Я выходил в коридор, садился в кресло, клеенчатое, с деревянными подлокотниками, и как бы думал: лезли в голову всякие наивные детские глупости. Как оправдывают, я думал, свое существование эти два десятка бездарных баб, никого никогда в своей жизни не вылечившие, даже не пытавшиеся.
Когда-то, лет пятнадцать назад, я бывал в этом самом коридоре не таким, как сейчас, чужаком и просителем - в другой роли, в другом настроении, знал разговоры, болтал заодно со всеми - но так все равно ничего и не понял. И сейчас опять должен как бы с нуля постигать непременное разделение всей здешней насущной людской наличности: два десятка молодых и молодящихся, подвижных, здоровых, вполне бесполезных баб, вполне равнодушных - и девяносто три единицы гниющего заживо мяса…
Четвертое место в твоей палате было как бы транзитным. За неделю сменилось три человека. Эта кровать справа от двери, видимо, для того и была предназначена. Сначала там лежала молодая женщина, пухлая, кокетливая, стеснительная. У нее было низкое давление, головные боли и обмороки. Выписали на "амбулаторное лечение", даже не попробовав поставить диагноз. Привели ей на смену совсем уж девчушку, лет семнадцати, бледную, растерянную, слабую. Нарушения мозгового кровообращения. Полдня посидела, не ложась, перевели в другое, более человеческое отделение. А ночью ввезли и свалили с носилок нечто огромное, бесформенное, непрерывно стонущее… Я, впрочем, знал уже, что…
Обычно вечером после отбоя, часов в одиннадцать, я вносил в палату то самое кресло, ставил его рядом с твоей кроватью, подставлял под ноги стул, укрывался твоим синим одеялом, прихваченным из дому, и так урывками понемногу кемарил.
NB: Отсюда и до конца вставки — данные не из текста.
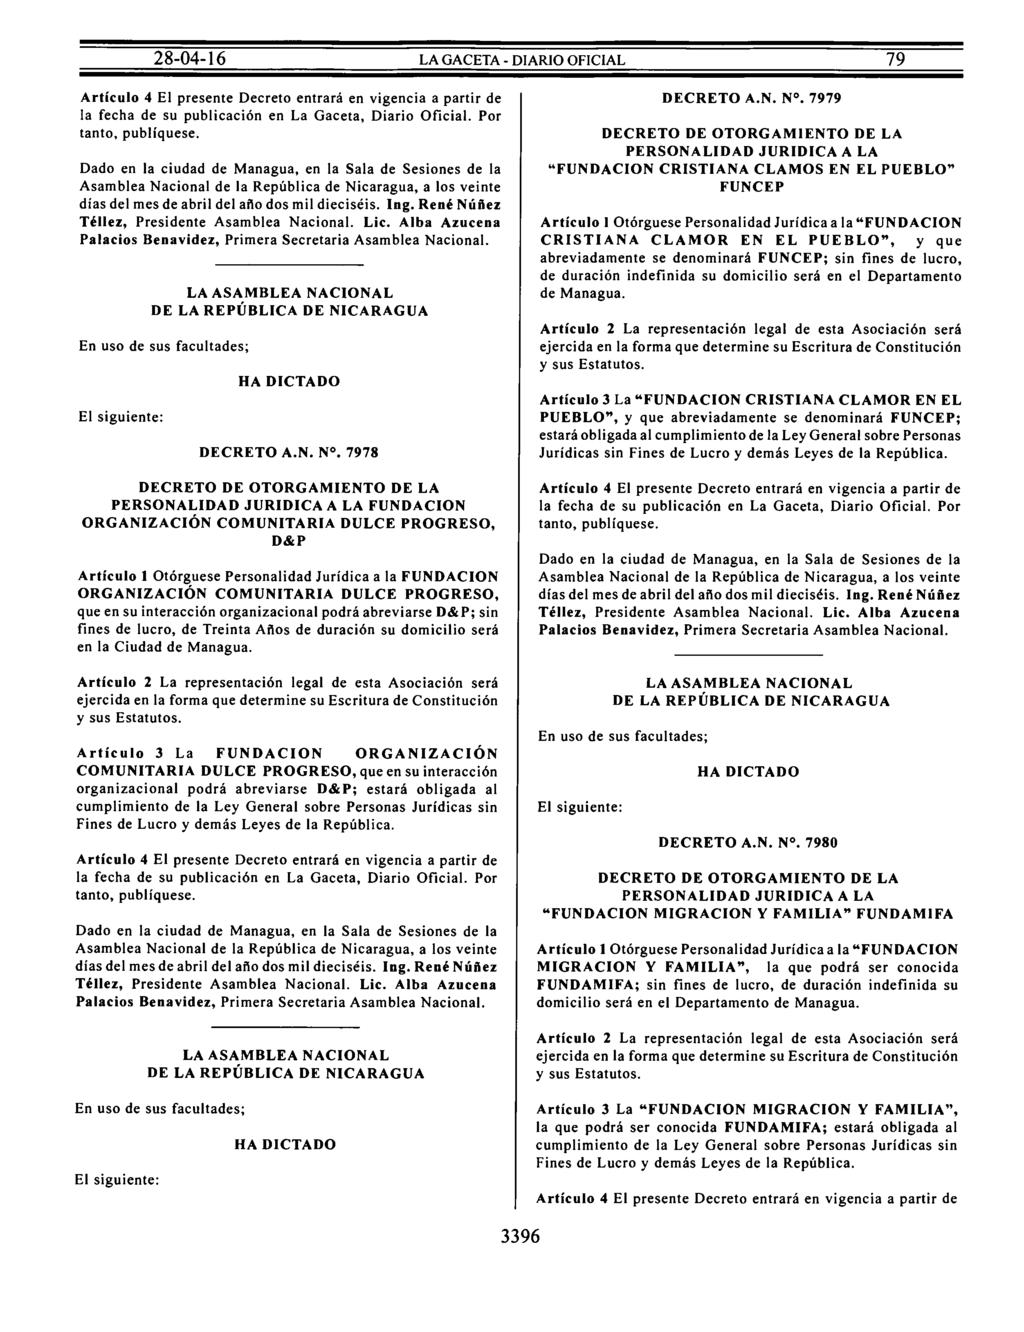 Artículo 4 El presente Decreto entrará en vigencia a partir de la fecha de su publicación en La Gaceta, Diario Oficial. Por tanto, publíquese.

Между необходимостью проверять твою простыню (тут уж появился автоматизм) и плачем, жалобами и судном соседки напротив получались промежутки минут по тридцать, а то и больше. Часа четыре за ночь набиралось, и потом, днем, я кое-что добирал еще дома. Это было так. В середине дня приезжал наш старшенький и меня сменял. Он тогда, ты помнишь, работал дворником, жил в коммуналке у Белорусского, убирал снег, скалывал лед, шел домой, пил свой любимый чай ("А я говорю: всему миру провалиться - а мне чаю чтоб пить", - любимая присказка), часок подремывал - с итальянской, английской или ивритской книжкой - собирался и приезжал. Он ведь тоже, ты знаешь, преодолеватель, как и я, во только без моей суеты, без нервозности, с ленцой, вальяжно, естественно. Надо так - значит, будет сделано так, даже если и не очень хочется, но если не очень надо - то что же надрываться… Было надо, и он предложил мне сам - и каждый день приезжал. Я укладывался, впрочем, ровно в четыре с половиной часа. Полтора на дорогу туда и обратно, полчаса на обед с четырьмя рюмками - нашей сладкой фирменной самогонки, помнишь, она у нас называлась "продукт", - полтора часа на сон - в полном отрубе, по будильнику, от точки до точки, - и еще полчаса на кофе и сборы. Все было для меня готово, все на потоке, ни единого лишнего слова, все в такт и по делу. Я окунался в тепло и любовь, в тепло и добро… (Ты уж прости нас, мать, если можешь, и ее, и меня… Впрочем, нет, со мной сложнее, обо мне отдельно…)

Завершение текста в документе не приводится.